Among the key events, a drama series pitching forum represented 20 new series from 12 countries: Spain, Italy, Lithuania, United Kingdom, United States, Iceland, India, Israel, Canada, Belgium, France, Australia.
And a special presentation of upcoming greenlighted Italian series introduced buyers to new TV content, including My Brilliant Friend (HBO, Rai, Timvision), Devils (Lux Vide, Sky Italia, Sky Vision), Gaddafi (Palomar, eOne), The Name of the Rose (11 Marzo Films, Palomar, Tele Munchen), Sanctuary (Yellow Bird, Fabula Pictures), The Lost Girls of Rome (Sky Italy, Gavila, Colorado Film), The Swan Company (Indigo Film, Rai Fiction) and Don’t Leave Me (Rai Fiction).
A final English-language series from the newly created “Alliance” of Rai, France Televisions and ZDF was presented generating great interest. Eternal City links the history of John F. Kennedy’s presidency with the Dolce Vita era of Rome. Created by Marco Spagnoli, Gianni Cipriani, Giannandrea Pecorelli and Carl Joos, the series will position JFK’s last international trip in July 1963 against a murder mystery of a wannabe starlet in the Italian capital.
“What is very important for us is that the voyage of Kennedy was like waiting for a rock star,” Spagnoli told The Hollywood Reporter. “Kennedy arrived in Italy before the Rolling Stones or the Beatles. He was the first rock star that came to Italy. It was huge, especially for a Catholic country.”
Based on true events, Kennedy arrives in Rome following the murder of a young and promising actress who is found with a book of 120 names, all male. The police, operating in a time before advanced forensics, decide to interrogate every single person in the book.
“Also what’s very important is the stories about the many secret services who were operating in Italy: American, Russian, British, Israelis. Italy was a landslide for many reasons,” said Spagnoli.
“There is a very important love story. There is a very important murder mystery. There is a connection with the secret service and also what this killer may have revealed about Kennedy. Because Kennedy could have been killed in Rome at this time, perhaps by the secret service, but the question is by which one.”

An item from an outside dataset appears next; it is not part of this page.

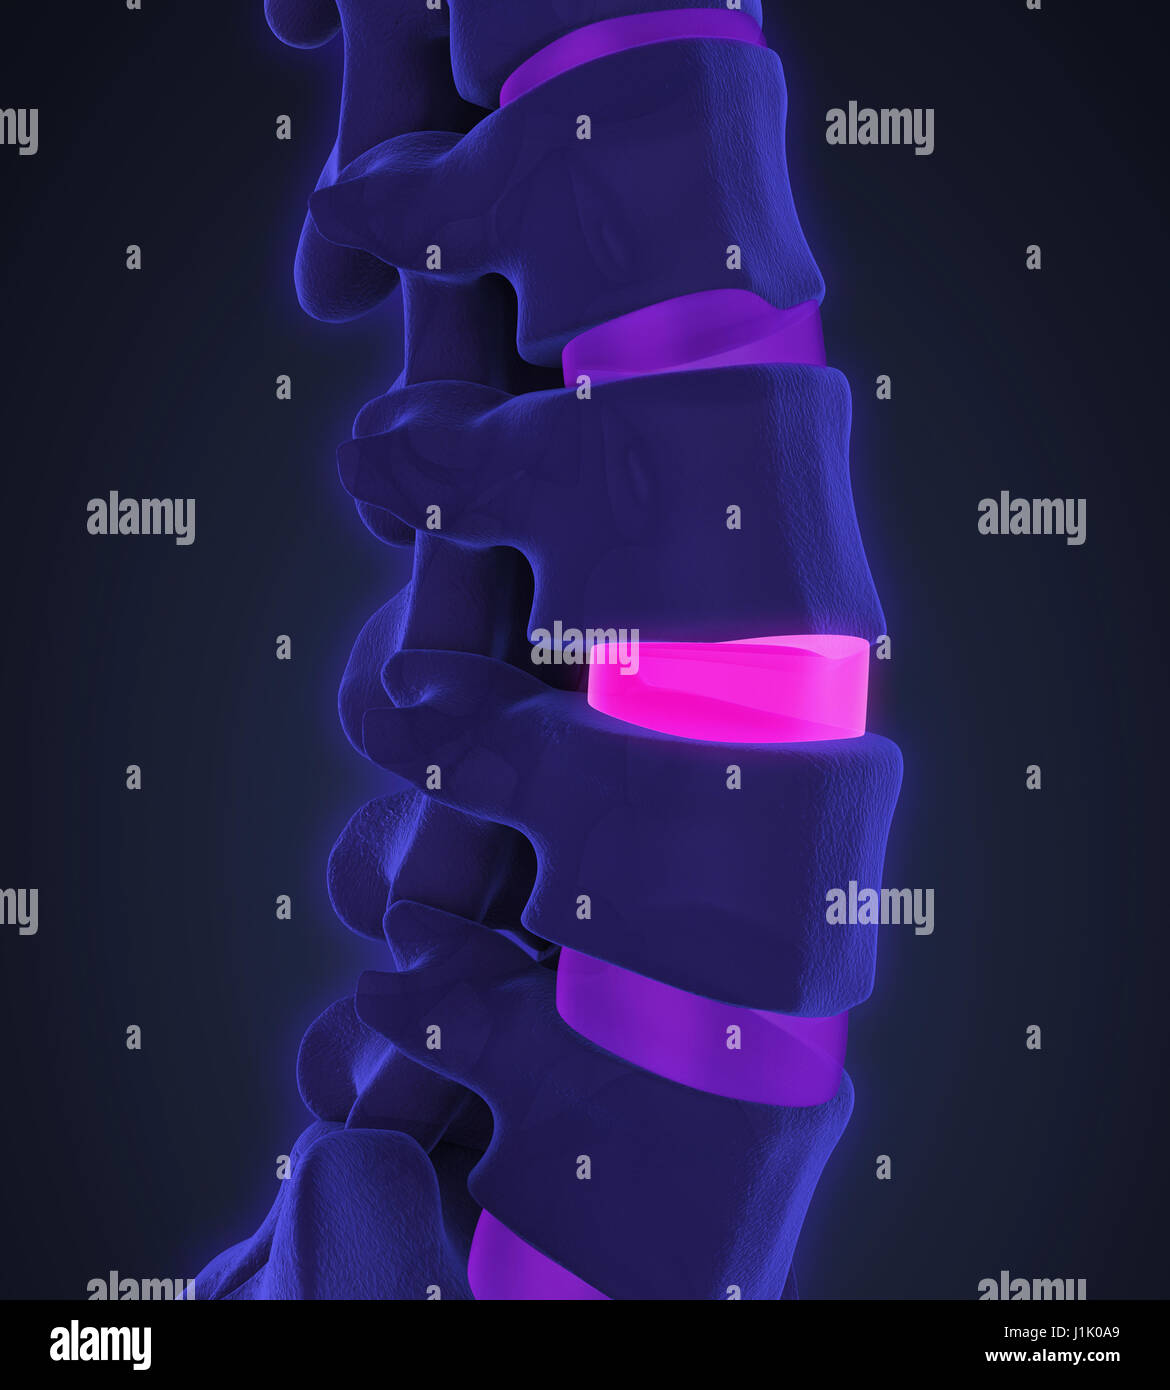 Human Spine Anatomy Illustration Stock Photo

Spagnoli is excited to portray the real Dolce Vita years, which he described as a time of intense collaboration. “Italy never stopped to be a set. In those days there were no publicists. If you were an important actress and you wanted to have a dinner, nobody told you, ‘No.’ If you liked a man, nobody said: ‘Don’t go for it.’”

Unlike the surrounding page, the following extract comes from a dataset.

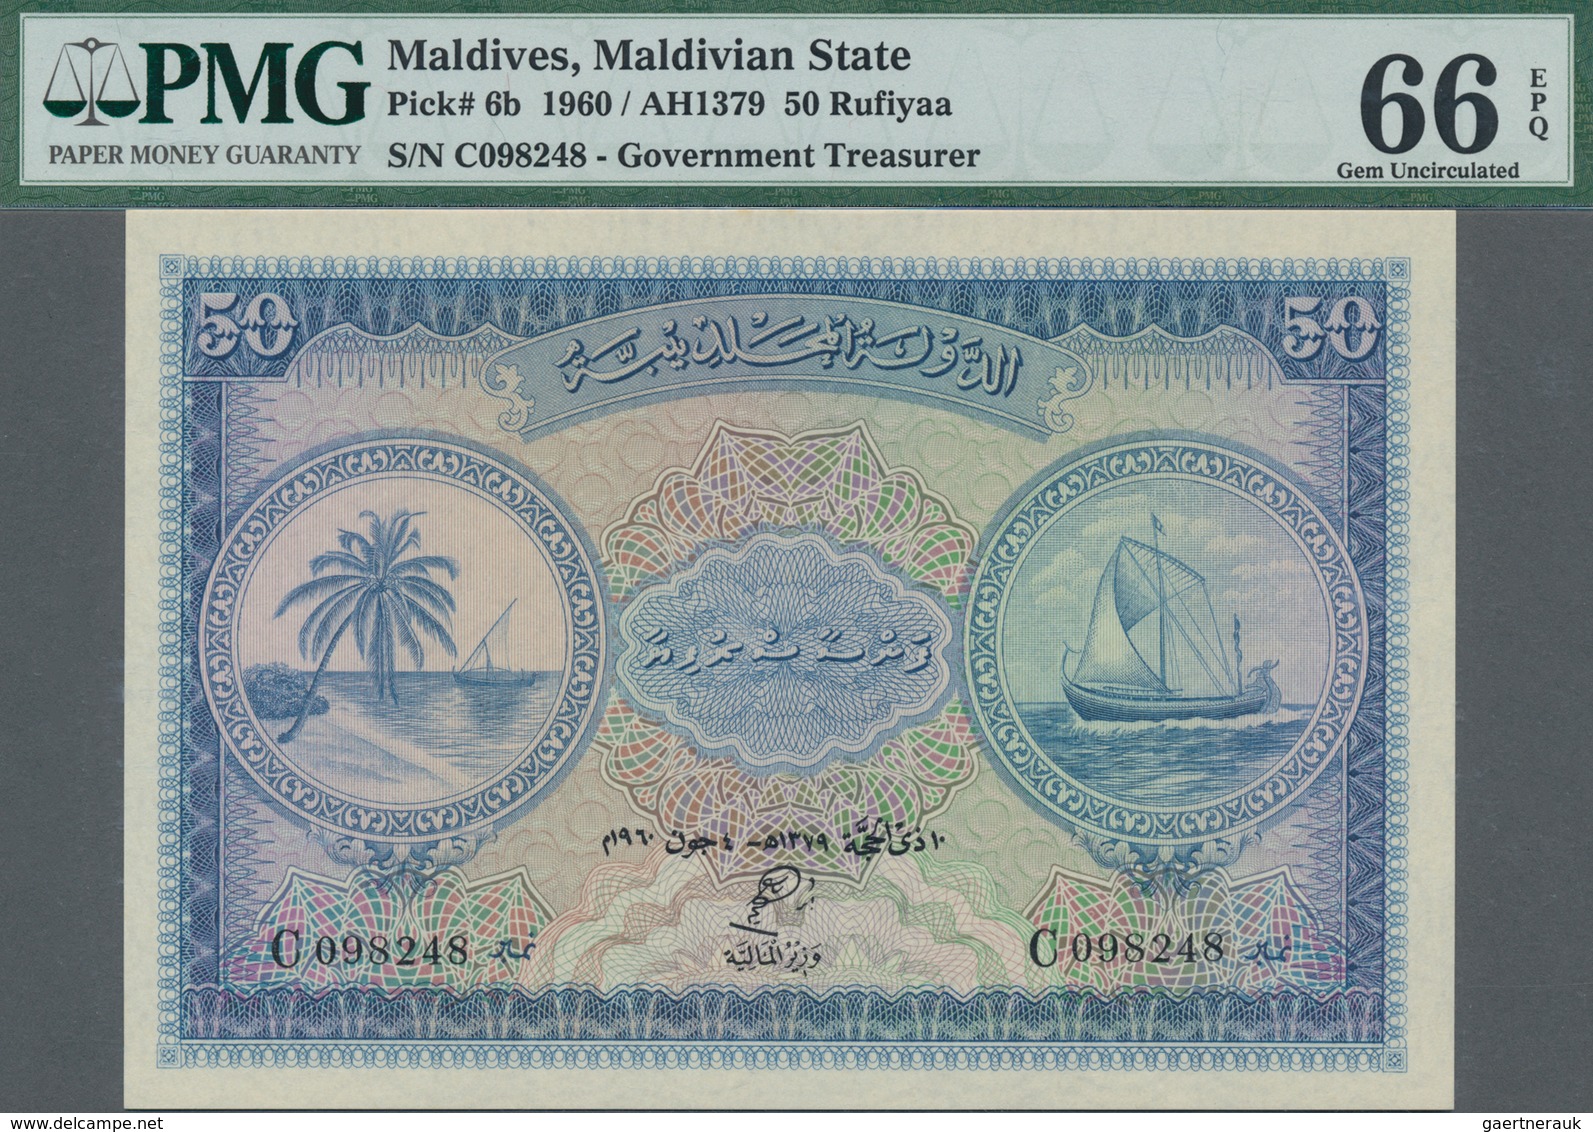 Maldives / Malediven: Maldivian State 50 Rufiyaa 1960, P.6b, Perfect Condition, PMG 66 Gem Uncircula - Maldives

“The greatest collaboration was between Anna Magnani and Tennessee Williams. Where in the world, would these two meet, other than the Rome? He was obsessed with this woman,” said Spagnoli of the film The Rose Tattoo, which won Magnani the Academy Award for best actress. “In this time we have candid shots of Greta Garbo walking alone. Imagine today, ‘Greta, let’s do a selfie.’ Louis Armstrong came to play Rome by train. Imagine? You could meet people you considered icons in the street.”